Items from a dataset
=== Begin Enclosure ===

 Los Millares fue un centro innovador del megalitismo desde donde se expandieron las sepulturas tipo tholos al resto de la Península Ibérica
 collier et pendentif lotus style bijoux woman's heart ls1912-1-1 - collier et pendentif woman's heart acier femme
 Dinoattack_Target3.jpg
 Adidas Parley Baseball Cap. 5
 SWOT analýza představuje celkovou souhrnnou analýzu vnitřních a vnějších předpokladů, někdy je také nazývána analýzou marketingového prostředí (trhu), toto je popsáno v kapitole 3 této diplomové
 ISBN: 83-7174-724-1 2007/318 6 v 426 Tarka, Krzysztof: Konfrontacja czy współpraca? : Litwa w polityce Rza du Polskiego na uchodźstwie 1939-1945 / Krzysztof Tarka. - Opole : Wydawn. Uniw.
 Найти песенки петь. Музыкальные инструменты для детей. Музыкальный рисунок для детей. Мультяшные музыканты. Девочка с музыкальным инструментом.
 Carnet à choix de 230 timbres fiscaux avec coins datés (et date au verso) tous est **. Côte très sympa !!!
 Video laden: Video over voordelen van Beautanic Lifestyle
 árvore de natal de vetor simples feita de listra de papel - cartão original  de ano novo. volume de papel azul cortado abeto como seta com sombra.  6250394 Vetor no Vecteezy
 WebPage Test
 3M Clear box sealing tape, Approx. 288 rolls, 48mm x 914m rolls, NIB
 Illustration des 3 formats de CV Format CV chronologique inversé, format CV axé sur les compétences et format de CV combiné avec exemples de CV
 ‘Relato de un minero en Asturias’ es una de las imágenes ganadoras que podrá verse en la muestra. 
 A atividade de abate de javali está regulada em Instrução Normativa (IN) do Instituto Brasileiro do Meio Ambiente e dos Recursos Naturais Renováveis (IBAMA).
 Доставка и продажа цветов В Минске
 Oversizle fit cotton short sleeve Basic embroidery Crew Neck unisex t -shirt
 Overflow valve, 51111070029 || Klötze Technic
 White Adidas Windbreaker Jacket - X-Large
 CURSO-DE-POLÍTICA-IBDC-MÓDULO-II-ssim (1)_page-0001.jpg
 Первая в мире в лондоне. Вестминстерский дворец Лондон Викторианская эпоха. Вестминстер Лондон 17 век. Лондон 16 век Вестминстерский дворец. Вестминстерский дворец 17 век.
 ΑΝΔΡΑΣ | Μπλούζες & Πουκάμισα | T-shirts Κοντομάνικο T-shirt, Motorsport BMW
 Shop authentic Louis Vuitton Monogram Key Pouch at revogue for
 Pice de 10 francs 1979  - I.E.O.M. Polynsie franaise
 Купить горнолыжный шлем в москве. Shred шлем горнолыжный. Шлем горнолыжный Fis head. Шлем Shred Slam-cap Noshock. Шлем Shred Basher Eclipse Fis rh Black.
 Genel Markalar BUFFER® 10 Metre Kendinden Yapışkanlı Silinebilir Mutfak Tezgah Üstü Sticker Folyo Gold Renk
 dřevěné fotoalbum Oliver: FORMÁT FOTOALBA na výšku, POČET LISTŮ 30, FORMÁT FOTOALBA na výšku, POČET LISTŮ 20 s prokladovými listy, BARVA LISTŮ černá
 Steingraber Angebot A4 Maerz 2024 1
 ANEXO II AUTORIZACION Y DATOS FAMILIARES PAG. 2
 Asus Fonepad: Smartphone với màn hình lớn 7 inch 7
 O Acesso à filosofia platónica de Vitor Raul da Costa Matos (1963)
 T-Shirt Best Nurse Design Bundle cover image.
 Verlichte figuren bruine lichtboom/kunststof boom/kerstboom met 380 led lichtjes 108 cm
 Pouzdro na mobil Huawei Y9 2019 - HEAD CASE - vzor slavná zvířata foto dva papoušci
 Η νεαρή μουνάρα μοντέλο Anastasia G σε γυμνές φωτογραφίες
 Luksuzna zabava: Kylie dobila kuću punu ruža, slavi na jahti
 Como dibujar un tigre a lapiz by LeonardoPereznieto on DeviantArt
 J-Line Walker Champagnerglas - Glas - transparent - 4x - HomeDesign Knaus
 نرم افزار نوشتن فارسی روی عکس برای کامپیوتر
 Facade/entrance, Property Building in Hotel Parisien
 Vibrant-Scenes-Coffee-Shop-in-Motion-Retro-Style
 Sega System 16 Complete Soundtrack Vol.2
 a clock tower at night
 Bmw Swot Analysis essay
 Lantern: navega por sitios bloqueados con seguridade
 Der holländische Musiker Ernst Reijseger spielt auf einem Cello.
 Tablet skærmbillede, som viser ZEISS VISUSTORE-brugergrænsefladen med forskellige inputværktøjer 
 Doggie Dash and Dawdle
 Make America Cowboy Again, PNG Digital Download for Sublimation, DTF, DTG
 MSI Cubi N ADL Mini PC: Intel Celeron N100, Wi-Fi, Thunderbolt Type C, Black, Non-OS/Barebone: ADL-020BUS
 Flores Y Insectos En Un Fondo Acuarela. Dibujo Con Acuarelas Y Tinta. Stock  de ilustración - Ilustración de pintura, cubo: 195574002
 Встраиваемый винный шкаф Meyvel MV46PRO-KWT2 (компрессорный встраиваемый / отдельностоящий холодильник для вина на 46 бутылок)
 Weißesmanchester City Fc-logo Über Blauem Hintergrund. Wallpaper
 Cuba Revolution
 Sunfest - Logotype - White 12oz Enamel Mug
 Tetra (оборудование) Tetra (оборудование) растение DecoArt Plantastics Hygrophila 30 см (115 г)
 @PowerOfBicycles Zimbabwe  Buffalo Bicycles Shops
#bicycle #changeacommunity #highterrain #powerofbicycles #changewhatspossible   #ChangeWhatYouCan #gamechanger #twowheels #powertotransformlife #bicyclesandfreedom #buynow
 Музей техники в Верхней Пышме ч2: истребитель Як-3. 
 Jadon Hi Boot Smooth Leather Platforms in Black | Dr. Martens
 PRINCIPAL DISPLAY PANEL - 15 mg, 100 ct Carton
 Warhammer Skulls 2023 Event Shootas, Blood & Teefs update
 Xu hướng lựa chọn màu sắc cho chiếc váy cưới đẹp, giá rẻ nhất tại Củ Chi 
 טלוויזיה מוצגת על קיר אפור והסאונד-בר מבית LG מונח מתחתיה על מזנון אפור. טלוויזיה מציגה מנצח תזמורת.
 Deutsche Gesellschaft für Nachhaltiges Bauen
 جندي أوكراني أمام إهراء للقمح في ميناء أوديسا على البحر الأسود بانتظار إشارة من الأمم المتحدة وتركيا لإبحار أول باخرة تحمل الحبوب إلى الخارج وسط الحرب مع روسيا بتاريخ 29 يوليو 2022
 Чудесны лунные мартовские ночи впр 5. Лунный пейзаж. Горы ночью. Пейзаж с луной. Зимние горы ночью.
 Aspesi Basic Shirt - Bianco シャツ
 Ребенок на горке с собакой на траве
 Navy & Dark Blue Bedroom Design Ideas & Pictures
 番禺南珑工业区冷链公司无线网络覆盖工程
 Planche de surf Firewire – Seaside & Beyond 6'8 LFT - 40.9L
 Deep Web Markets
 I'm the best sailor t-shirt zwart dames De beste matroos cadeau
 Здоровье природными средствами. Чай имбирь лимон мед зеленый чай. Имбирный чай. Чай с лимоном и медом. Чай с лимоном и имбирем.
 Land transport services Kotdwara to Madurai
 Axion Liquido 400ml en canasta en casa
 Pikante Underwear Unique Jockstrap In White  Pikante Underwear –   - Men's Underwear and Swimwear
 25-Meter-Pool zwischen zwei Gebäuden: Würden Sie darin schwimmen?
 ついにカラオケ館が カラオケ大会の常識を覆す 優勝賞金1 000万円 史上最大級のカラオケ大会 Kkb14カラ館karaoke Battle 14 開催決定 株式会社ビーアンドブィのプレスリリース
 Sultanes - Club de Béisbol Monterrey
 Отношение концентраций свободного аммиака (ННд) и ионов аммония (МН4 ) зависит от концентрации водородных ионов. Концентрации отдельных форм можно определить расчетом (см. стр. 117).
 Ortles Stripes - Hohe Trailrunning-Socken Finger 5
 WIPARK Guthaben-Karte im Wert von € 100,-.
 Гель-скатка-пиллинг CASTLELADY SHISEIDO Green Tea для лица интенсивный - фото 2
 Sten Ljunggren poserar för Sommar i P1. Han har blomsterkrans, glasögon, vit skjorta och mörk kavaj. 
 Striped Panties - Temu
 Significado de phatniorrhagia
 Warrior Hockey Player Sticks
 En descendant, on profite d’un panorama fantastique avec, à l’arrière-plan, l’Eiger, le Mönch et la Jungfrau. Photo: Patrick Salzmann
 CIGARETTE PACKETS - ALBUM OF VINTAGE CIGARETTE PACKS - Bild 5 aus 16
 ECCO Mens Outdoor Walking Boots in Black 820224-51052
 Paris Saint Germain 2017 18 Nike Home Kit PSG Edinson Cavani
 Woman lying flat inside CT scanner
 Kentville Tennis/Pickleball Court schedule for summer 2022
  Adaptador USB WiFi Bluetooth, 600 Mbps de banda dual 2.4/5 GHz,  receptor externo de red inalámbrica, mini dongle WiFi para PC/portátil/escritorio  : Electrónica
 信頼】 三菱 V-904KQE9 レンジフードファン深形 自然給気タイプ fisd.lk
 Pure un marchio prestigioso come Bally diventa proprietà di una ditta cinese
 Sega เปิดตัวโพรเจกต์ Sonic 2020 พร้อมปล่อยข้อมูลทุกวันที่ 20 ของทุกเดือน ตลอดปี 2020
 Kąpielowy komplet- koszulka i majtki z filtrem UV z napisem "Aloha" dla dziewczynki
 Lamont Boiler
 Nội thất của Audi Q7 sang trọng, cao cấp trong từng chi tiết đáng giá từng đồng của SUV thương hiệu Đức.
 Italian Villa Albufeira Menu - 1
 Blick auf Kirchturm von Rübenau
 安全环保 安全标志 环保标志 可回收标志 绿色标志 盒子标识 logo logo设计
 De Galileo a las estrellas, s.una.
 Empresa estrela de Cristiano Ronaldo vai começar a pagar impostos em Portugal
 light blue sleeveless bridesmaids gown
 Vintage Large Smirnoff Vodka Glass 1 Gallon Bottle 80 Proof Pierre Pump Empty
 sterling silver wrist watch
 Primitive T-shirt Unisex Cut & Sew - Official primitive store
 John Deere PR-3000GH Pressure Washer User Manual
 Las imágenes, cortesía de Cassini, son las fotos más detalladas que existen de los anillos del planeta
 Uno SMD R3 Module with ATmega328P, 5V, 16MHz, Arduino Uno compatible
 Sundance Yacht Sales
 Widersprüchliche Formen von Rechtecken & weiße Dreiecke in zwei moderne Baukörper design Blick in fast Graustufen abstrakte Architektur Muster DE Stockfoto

=== End Enclosure ===

Repeat, without changes, every line from the one that contains "Nội thất của" through the final line of the data.

• Expected output:
 Nội thất của Audi Q7 sang trọng, cao cấp trong từng chi tiết đáng giá từng đồng của SUV thương hiệu Đức.
 Italian Villa Albufeira Menu - 1
 Blick auf Kirchturm von Rübenau
 安全环保 安全标志 环保标志 可回收标志 绿色标志 盒子标识 logo logo设计
 De Galileo a las estrellas, s.una.
 Empresa estrela de Cristiano Ronaldo vai começar a pagar impostos em Portugal
 light blue sleeveless bridesmaids gown
 Vintage Large Smirnoff Vodka Glass 1 Gallon Bottle 80 Proof Pierre Pump Empty
 sterling silver wrist watch
 Primitive T-shirt Unisex Cut & Sew - Official primitive store
 John Deere PR-3000GH Pressure Washer User Manual
 Las imágenes, cortesía de Cassini, son las fotos más detalladas que existen de los anillos del planeta
 Uno SMD R3 Module with ATmega328P, 5V, 16MHz, Arduino Uno compatible
 Sundance Yacht Sales
 Widersprüchliche Formen von Rechtecken & weiße Dreiecke in zwei moderne Baukörper design Blick in fast Graustufen abstrakte Architektur Muster DE Stockfoto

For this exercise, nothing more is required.